Best thing to probably do is to not touch them and wait until they grow back I suppose.


----------



## Wrathie83 (Nov 19, 2015)

Doh! You'll not be the first or the last and if it helps, my dad did it one christmas after being brought a head shaver by my mum. Anyhow the daft idiot decided it would be a fab idea to "trim" his eyebrows as they were getting longish, to cut a long story short, he ended up not shaving one eyebrow off, he shaved off both and somehow his eyelashes :|.


----------



## Acruoxil (Nov 19, 2015)

Yo just use one of your black pens off your school bag and fill them in. Or draw something fancy. Or shave the other eyebrow halfway too.


----------



## Sugilite (Nov 19, 2015)

Aerate said:


> Yo just use one of your black pens off your school bag and fill them in. Or draw something fancy. Or shave the other eyebrow halfway too.





Who tf fills their eyebrows with a pen that's ugly asf
He trying to make people bully you or talk about you 
You better look up makeup tutorials and get your sht together


----------



## cIementine (Nov 19, 2015)

i did that once (i was 10) and it made no difference to my eyebrow since they were pretty light
maybe just wait for it to grow back, draw them on
or shave your legs and stick each individual hair onto where your eyebrow should be


----------



## yukikotobuki (Nov 19, 2015)

Don't worry, they'll grow back, and you're not the only one. Like a couple of months back I bought some eyebrow trimmers and tweezers and decided I'd try to tackle my monstrous eyebrows, and it was an absolute disaster. I had to cut my bangs so that I could hide them.
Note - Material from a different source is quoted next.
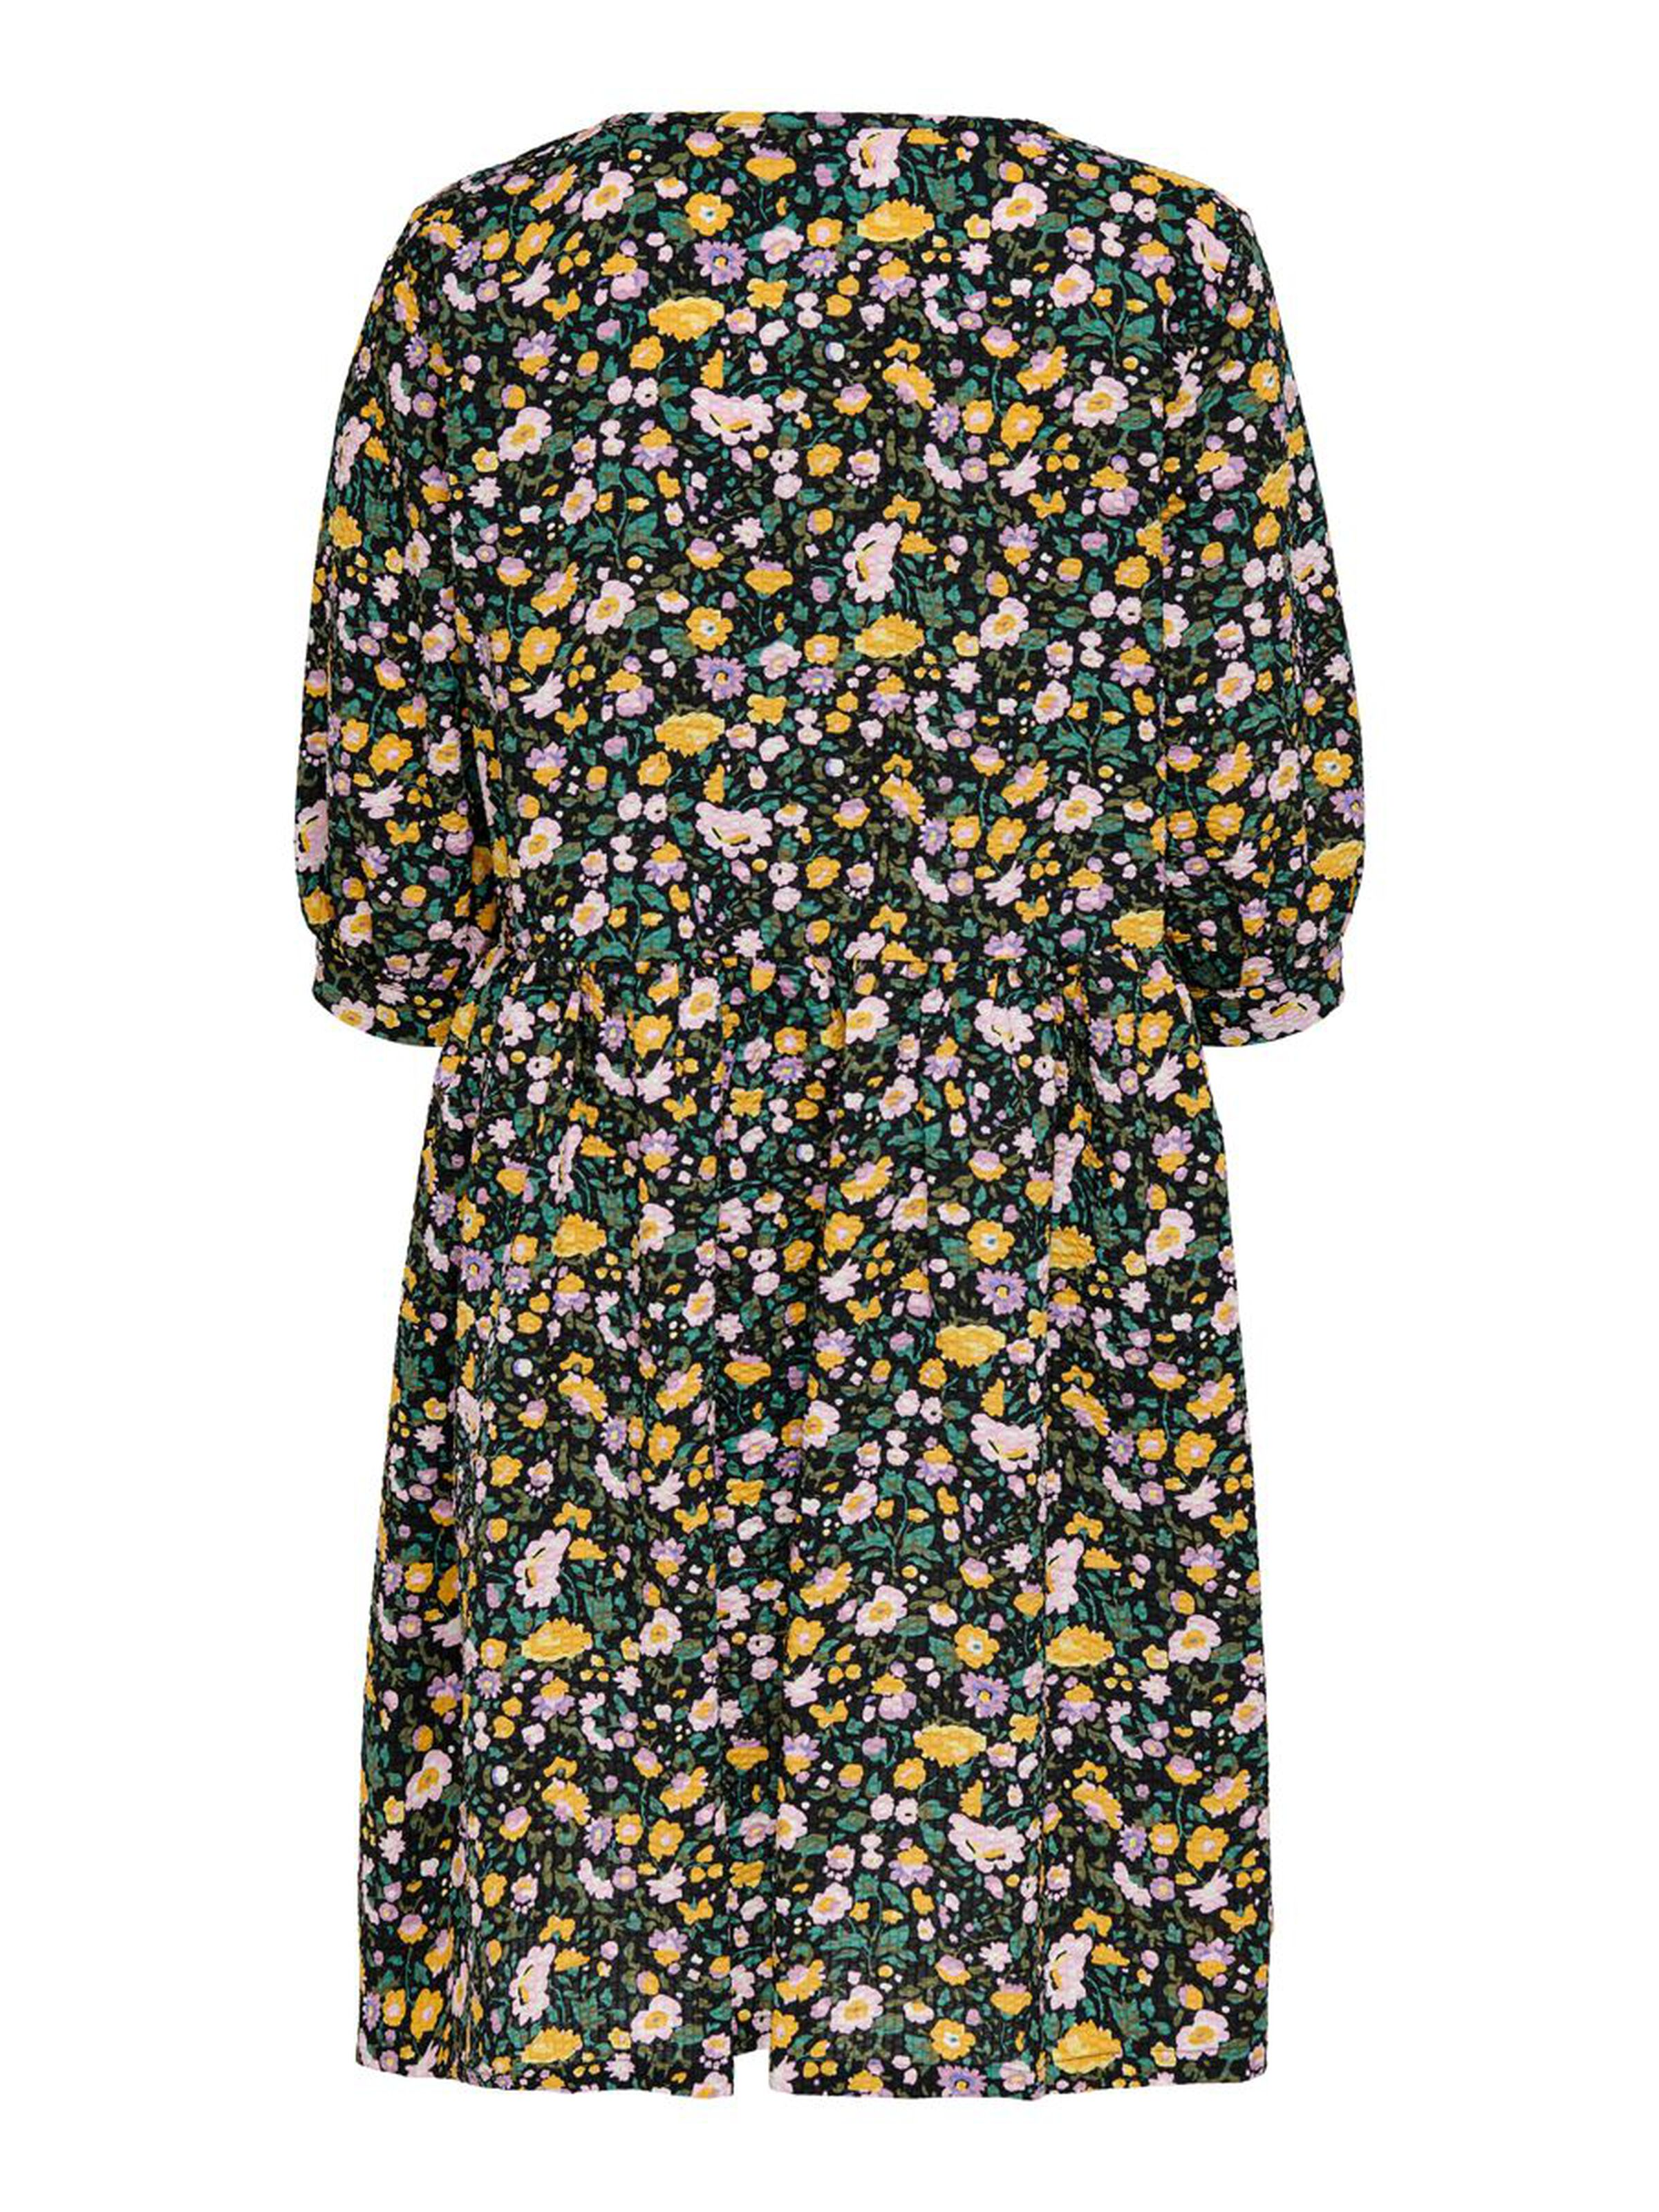 Only Lua 2/4 printet kjole, black/purple, large

Anyway, let them grow back, then either go to a professional, look up some really good tutorials, or learn to love your brows the way they are. I'm sure you're lovely with them!


----------



## Celestefey (Nov 19, 2015)

Don't worry about it so much. It's hair so it will grow back, especially if it's only like short hair on your eyebrows, they'll grow back very quickly! I sometimes feel that way when I get like a bad haircut or something, I just say, hey, it's just hair, it'll grow back soon enough. ^^ And then I feel a bit better about it, knowing it won't last forever, it just takes a bit of time.


----------



## visibleghost (Nov 19, 2015)

yeah, it will grow back. i suggest that you shouldn't shave your eyebrows like that ever again. just pluck out the hairs instead ;;


----------



## piichinu (Nov 19, 2015)

lol you probably look better that way


----------



## RhinoK (Nov 22, 2015)

piichinu said:


> lol you probably look better that way



**** off piichinu ur not even rich

- - - Post Merge - - -



Sugilite said:


> Who tf fills their eyebrows with a pen that's ugly asf
> He trying to make people bully you or talk about you
> You better look up makeup tutorials and get your sht together



i used acrylic paint and no one noticed it's alright

- - - Post Merge - - -



snoozit said:


> you must look ugly right now...



not as ugly as u xo

- - - Post Merge - - -



kayleee said:


> Listen you had a unibrow before whatever carnage you've done on your eyebrows is an improvement



it was a very subtle unibrow

- - - Post Merge - - -



Tao said:


> Saw the line "MENTAL story".
> 
> 
> Disappointed that the story didn't involve cow tipping, losing a friend in a strange country or waking up in bed with a traffic cone.



maybe that'll be the MENTAL(er) story when i shave off both



Javocado said:


> Eyebrows Brewster's from time to time and this is wild



stop this


----------



## Acruoxil (Nov 22, 2015)

Sugilite said:


> Who tf fills their eyebrows with a pen that's ugly asf
> He trying to make people bully you or talk about you
> You better look up makeup tutorials and get your sht together



lol i could care less about that, if it isn't apparent yet my post was a joke


----------